API keys start with inf_ and are passed in the Authorization header.

Authorization Header
Authorization: Bearer inf_your_api_key_here

JWT Token (browser sessions)

If you're already logged into Inferbase, the JWT cookie is sent automatically. No additional setup needed for dashboard interactions.

Chat Completions

POST/chat/completionsAPI Key or JWT

Create a chat completion. Supports streaming and non-streaming responses.

Request Body

modelstring, required— Model ID (e.g. "Qwen/Qwen2.5-3B-Instruct")
messagesarray, required— Array of message objects with role and content
streamboolean, optional— Enable SSE streaming (default: false)
temperaturenumber, optional— Sampling temperature 0-2 (default: 1.0)
max_tokensnumber, optional— Maximum tokens to generate
curl
curl -X POST https://api.inferbase.ai/api/v1/inference/chat/completions \
  -H "Authorization: Bearer inf_your_api_key" \
  -H "Content-Type: application/json" \
  -d '{
    "model": "Qwen/Qwen2.5-3B-Instruct",
    "messages": [
      {"role": "system", "content": "You are a helpful assistant."},
      {"role": "user", "content": "What is machine learning?"}
    ],
    "temperature": 0.7,
    "max_tokens": 256
  }'

Response

200 OK
{
  "id": "chatcmpl-abc123",
  "object": "chat.completion",
  "created": 1712345678,
  "model": "Qwen/Qwen2.5-3B-Instruct",
  "choices": [
    {
      "index": 0,
      "message": {
        "role": "assistant",
        "content": "Machine learning is a subset of artificial intelligence..."
      },
      "finish_reason": "stop"
    }
  ],
  "usage": {
    "prompt_tokens": 24,
    "completion_tokens": 128,
    "total_tokens": 152
  }
}

Models

GET/modelsNone

List all models available for inference.

Response
{
  "object": "list",
  "data": [
    {"id": "Qwen/Qwen2.5-3B-Instruct", "object": "model", "owned_by": "inferbase"},
    {"id": "google/gemma-4-26B-A4B-it", "object": "model", "owned_by": "inferbase"}
  ]
}
GET/models/{model_id}/healthNone

Check if a model is warm and ready to serve.

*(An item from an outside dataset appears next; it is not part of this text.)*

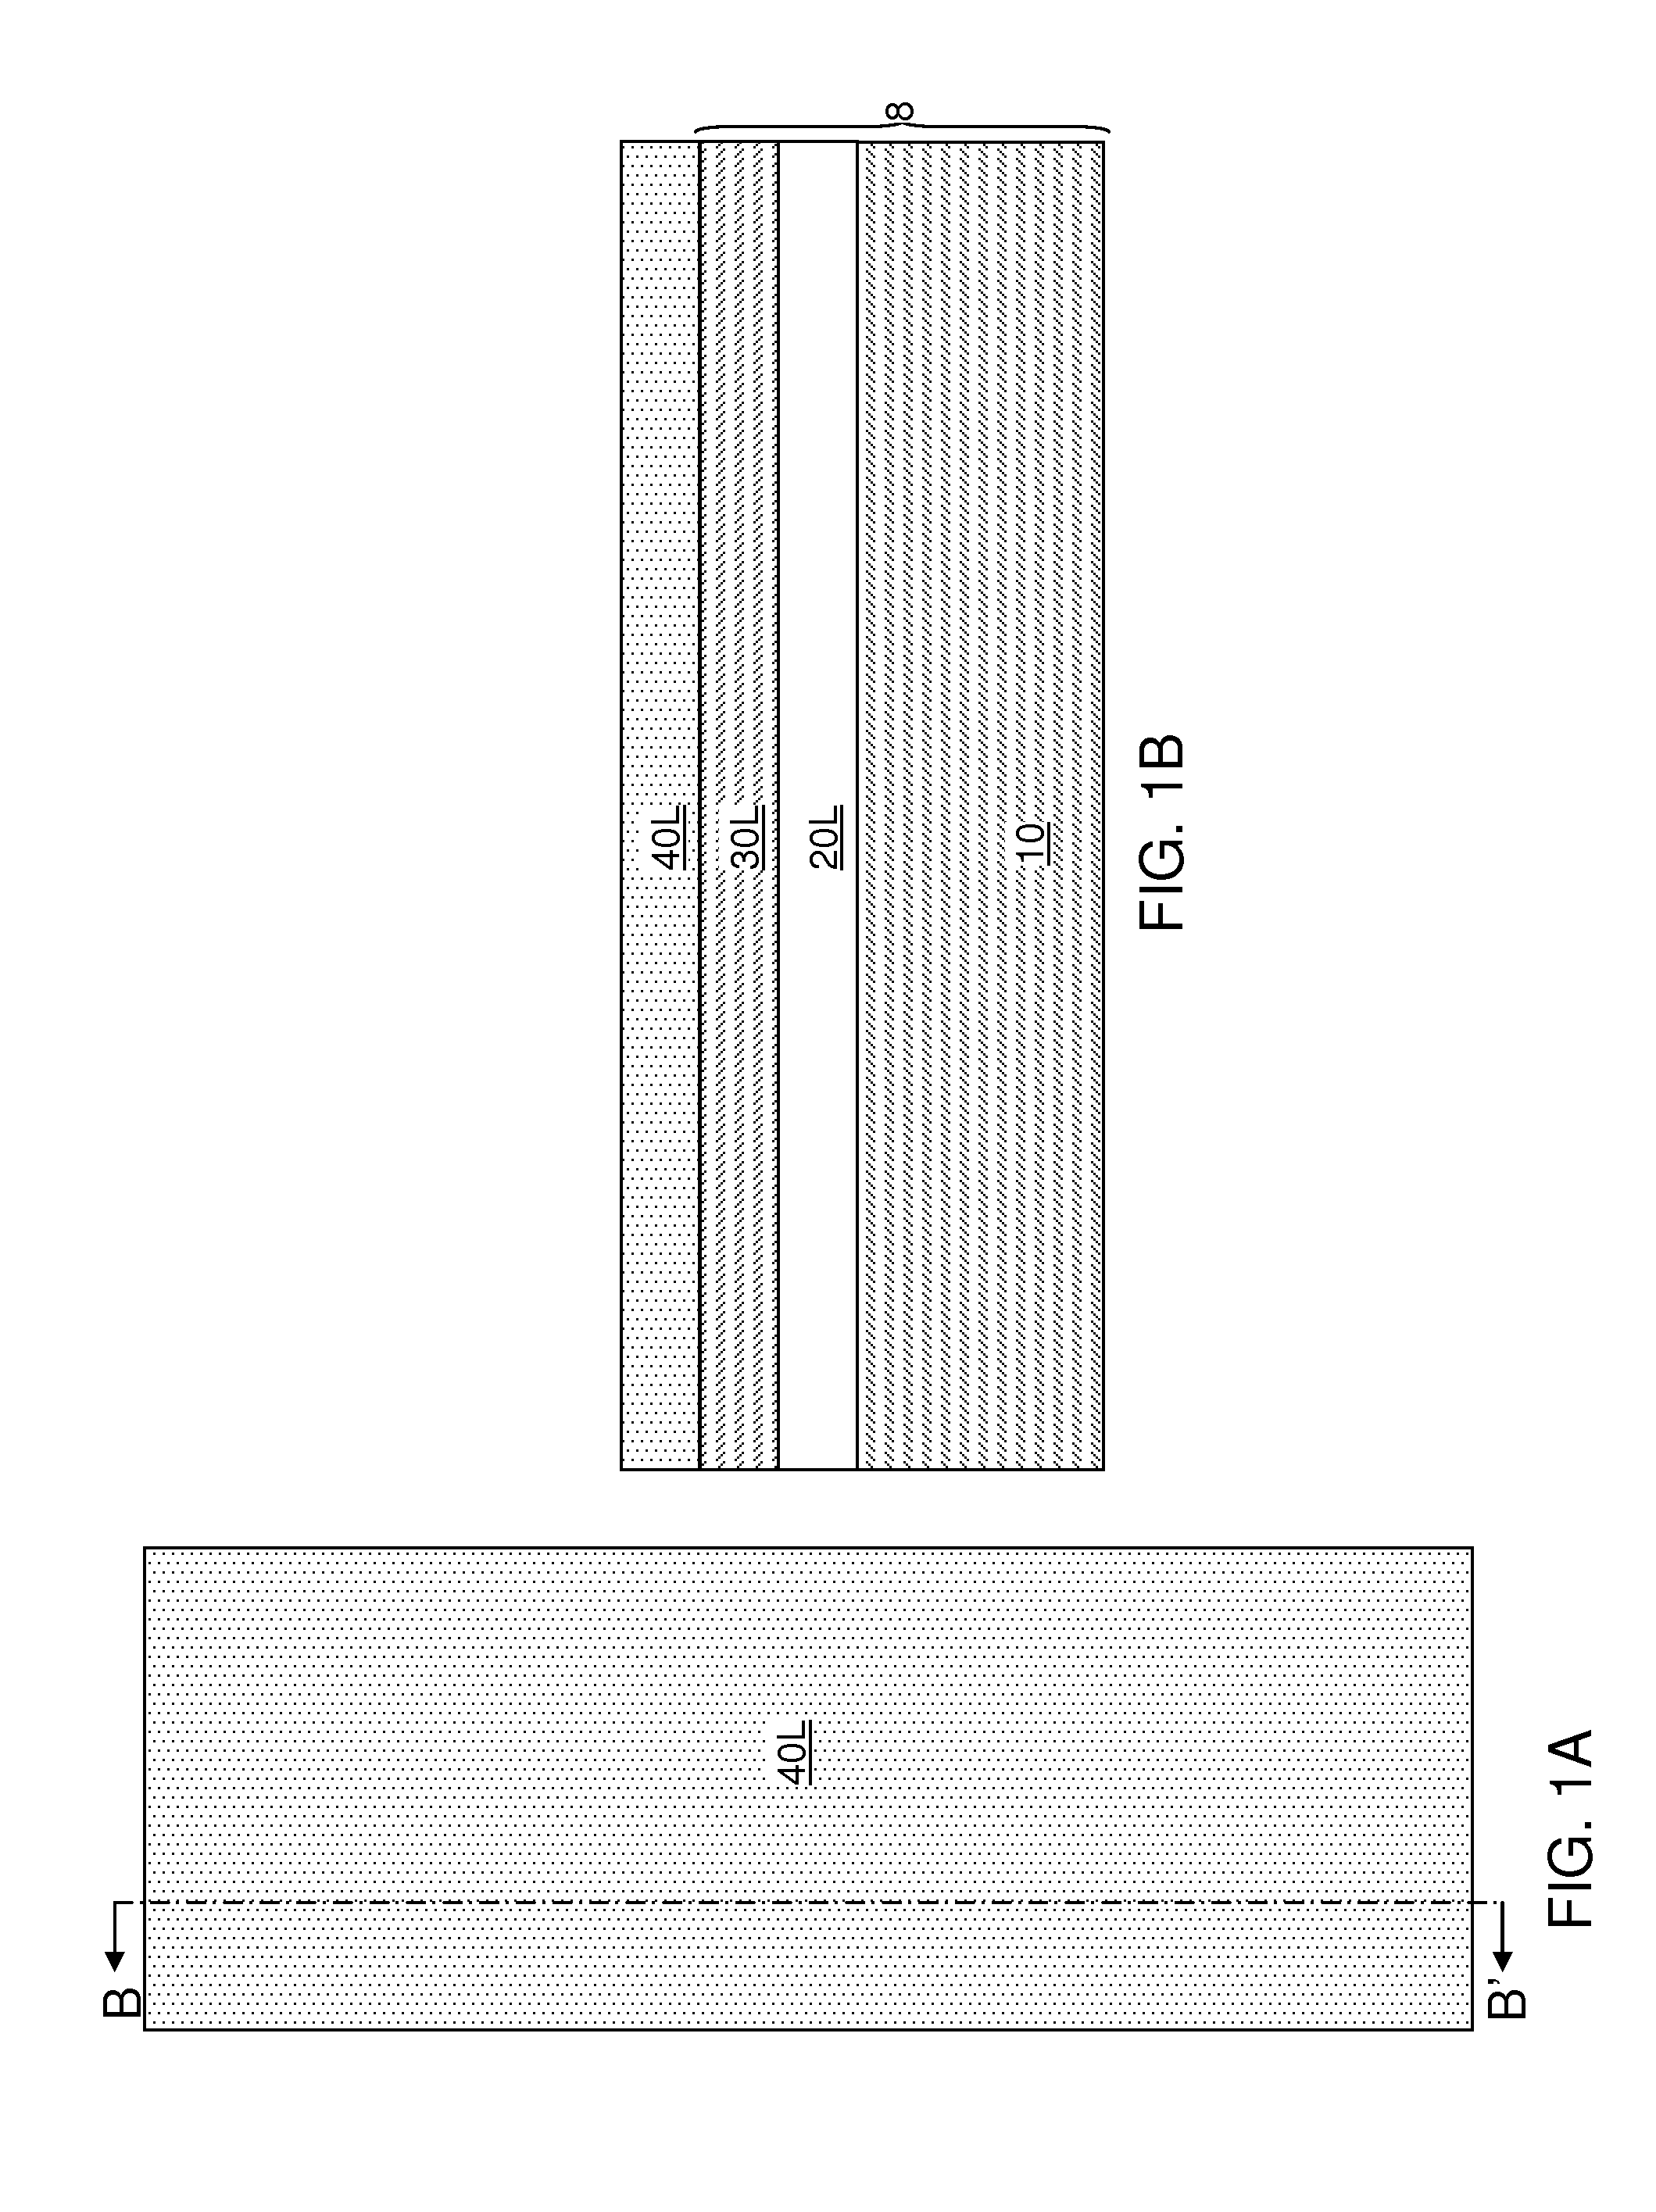 Dual-depth self-aligned isolation structure for a back gate electrode

Poll this before sending prompts to avoid cold start timeouts.

Response
{"model": "Qwen/Qwen2.5-3B-Instruct", "status": "ready"}
// status: "ready" | "loading" | "unavailable"

API Keys

POST/keysAPI Key or JWT

Create a new API key. The raw key is returned once — save it immediately.

GET/keysAPI Key or JWT

List all your API keys (prefixes only, not raw keys).

DELETE/keys/{key_id}API Key or JWT

Revoke an API key. Cannot be undone.

Credits & Usage

GET/creditsAPI Key or JWT

Get your current inference credit balance.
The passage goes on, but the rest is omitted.